Случилось чудо. Удивительное, как всякое чудо. Туфля захлопнулась и склеилась.
Скособочилась слегка, и темное пятно поселилось на ее коричневом боку. Но когда
обсохла, охладилась — можно было надеть. Другой обуви у меня с собой не было. И
как поведет себя эта завтра-послезавтра — неизвестно. Раиса напоила меня парным
молоком (с моим черным хлебом и сахаром). Сверху, с полатей, за мной наблюдали
свесившиеся головы ребятишек. Почему-то я не догадалась угостить их сахаром.
Мне до сих пор стыдно. Но в тот момент я от ошаления
не задумалась, что в этой дальней деревне сложно с «городскими» продуктами, в
том числе и со сластями. Позже вспомнилось «Путешествие из Петербурга в Москву»
Радищева…
Ближе к середине дня пришел Антон проводить меня в
библиотеку, где мне предстояло работать, а скорее всего, и жить в этой
командировке. Идти было неблизко — деревня растянулась вдоль реки и каких-то
оврагов. По пути встречались большие и по осени не просыхающие лужи-озера. Раза
два Антон переносил меня через эти озера на руках. Он шагал по краю, чтобы не
зачерпнуть сапогом. Я была худенькая, легкая, чужая, небось Раису так не
понесешь. Впрочем, все было недолго и совершенно невинно. Мы только хохотали
без всякой щекотки. Нас никто не видел.
Библиотека оказалась довольно большой избой на две половины:
в одной — аккуратненькие стеллажи, другая — жилая. Пока у семьи были хлопоты,
на улице постепенно теплело и вроде бы во второй половине дня стало посуше. Я
решилась идти искать почту. Надо было всего только немного спуститься к реке.
Туфли держали нормально.
Почта оказалась устроена как библиотека, только поменьше:
впереди — казенная часть, а дальше, за стеной, — жилье для почтаря. Я сказала
старому почтарю, что я приезжая из района и что мне хотелось бы отправить
телеграмму. Почтарь объяснил, что из Андреева нет сухопутной дороги в город и
другие населенные пункты. Только по реке. По воде, а зимой — по льду. Сейчас
постоянной почтовой связи нет. Река вот-вот замерзнет. Никакие почтовые
отправления доставить нельзя. Если что срочное — можно попробовать позвонить по
местному телефону куда-то — я забыла — какому-то директору или соседнему
председателю, у него есть современная связь — и попросить его передать. Но
здесь, на почте, плохая связь, и это не всегда удается. Вот в углу телефон. Я
оглянулась. За моей спиной висел какой-то огромный неуклюжий аппарат. Кажется,
я видела такой в фильме «Чапаев». Я отступилась. Если б даже упросила
дозвониться Ире, а как же передать деньги? Впрочем, почтарю я свои соображения
не сообщала.
Потом я отправилась дальше на разведку — искать магазин.

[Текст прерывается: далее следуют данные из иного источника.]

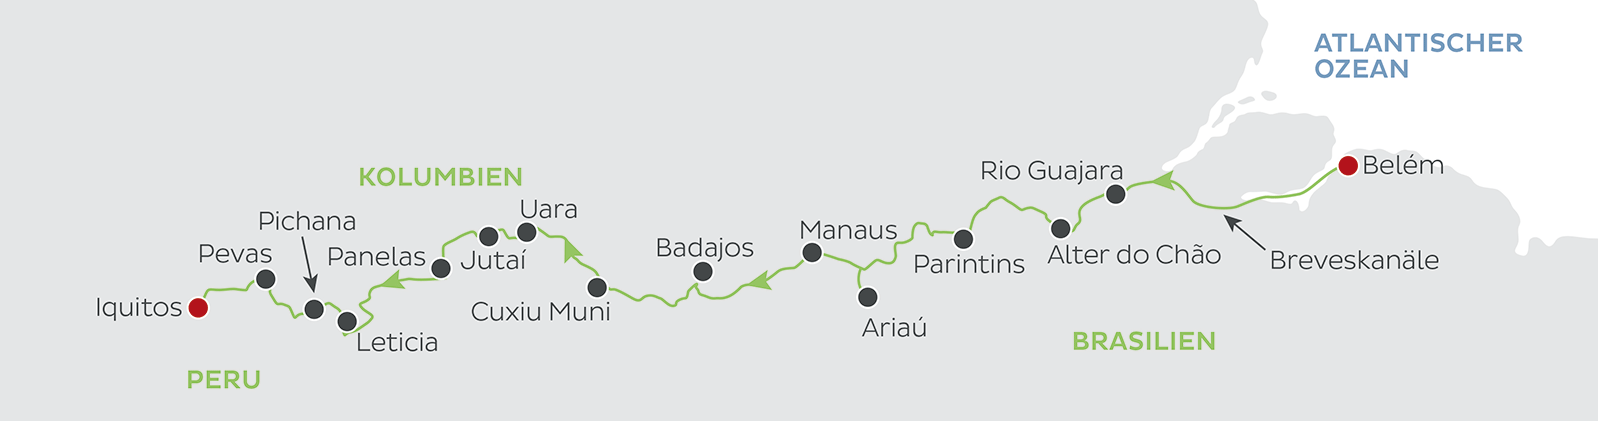 BMI-WVO-17-Tage-Belém-Breves-Rio-Guajara-Parintins-Ariau-Manaus--Cuxiu-Muni-Panelas-Leticia-Pichana-Pebas-Iquitos

Нашла. Промтоваров, во всяком случае сапог, я там не заметила. А продукты были.
Как ни мало у меня денег (нужны были на обратную дорогу, а во сколько обойдется
— дело случая), но все же, раз живу у людей, надо же вносить что-то свое. Что
можно купить? Продавщица ответила мне так: у нас кооперативный магазин, сельхозкооперация, если вы сдаете что-то, скажем, яйца, то
имеете право купить у нас что-то другое — крупу или подсолнечное масло и так
далее. На деньги не торгуем. Я вернулась к Николаю и Полине и объяснила им свое
положение. В любом случае надо было выполнить свою командировочную задачу.
Пришла Наташа — прежняя библиотекарша. «Старой» библиотекарше
было девятнадцать лет. Она была маленькая, пухлощекая, хорошенькая и деловая.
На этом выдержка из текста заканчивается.